[Dataset items]
★ ★ ★ ★ ★ ★ ★

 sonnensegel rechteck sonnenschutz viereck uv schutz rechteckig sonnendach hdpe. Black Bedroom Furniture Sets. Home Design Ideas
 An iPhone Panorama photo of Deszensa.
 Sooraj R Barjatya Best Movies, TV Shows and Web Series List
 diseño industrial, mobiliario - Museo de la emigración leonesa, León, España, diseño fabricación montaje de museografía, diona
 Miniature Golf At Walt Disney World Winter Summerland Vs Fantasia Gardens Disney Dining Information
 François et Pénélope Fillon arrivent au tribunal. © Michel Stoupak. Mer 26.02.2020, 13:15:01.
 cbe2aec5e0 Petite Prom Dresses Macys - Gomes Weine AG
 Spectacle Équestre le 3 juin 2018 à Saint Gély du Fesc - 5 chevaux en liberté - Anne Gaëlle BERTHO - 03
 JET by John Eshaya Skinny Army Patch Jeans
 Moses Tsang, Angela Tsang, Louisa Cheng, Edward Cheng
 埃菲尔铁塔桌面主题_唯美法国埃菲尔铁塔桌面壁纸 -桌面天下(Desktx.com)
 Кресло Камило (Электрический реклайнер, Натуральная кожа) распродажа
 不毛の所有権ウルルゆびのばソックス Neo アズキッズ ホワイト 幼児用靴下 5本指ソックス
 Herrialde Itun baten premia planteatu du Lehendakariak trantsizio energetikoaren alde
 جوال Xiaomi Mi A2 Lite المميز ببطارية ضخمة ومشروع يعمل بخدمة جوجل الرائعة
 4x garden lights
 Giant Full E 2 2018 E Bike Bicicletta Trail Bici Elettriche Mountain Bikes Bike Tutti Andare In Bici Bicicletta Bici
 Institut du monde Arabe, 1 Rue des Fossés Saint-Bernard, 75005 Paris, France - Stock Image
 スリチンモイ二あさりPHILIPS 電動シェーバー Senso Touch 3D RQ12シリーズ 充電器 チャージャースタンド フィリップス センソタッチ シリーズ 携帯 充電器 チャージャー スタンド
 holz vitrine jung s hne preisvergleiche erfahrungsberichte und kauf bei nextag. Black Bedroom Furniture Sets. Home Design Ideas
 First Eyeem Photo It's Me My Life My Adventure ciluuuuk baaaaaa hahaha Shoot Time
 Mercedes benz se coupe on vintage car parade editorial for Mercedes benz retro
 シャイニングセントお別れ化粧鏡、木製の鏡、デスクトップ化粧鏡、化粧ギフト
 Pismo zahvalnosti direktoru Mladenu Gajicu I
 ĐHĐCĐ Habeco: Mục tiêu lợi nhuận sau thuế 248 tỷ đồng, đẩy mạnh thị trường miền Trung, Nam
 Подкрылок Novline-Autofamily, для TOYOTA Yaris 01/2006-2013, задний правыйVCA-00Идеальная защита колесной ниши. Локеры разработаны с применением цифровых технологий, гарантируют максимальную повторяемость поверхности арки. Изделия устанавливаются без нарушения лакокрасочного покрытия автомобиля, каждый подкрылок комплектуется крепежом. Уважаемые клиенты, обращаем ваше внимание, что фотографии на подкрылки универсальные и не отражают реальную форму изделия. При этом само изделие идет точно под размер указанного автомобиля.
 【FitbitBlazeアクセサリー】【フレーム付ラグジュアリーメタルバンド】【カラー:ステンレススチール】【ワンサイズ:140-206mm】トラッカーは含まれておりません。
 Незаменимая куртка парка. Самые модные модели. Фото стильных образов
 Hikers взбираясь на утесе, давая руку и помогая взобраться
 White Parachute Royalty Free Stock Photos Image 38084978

★ ★ ★ ★ ★ ★ ★

Try it: The answer must consist of every line above that contains the word "Stock".

Answer space:
 Institut du monde Arabe, 1 Rue des Fossés Saint-Bernard, 75005 Paris, France - Stock Image
 White Parachute Royalty Free Stock Photos Image 38084978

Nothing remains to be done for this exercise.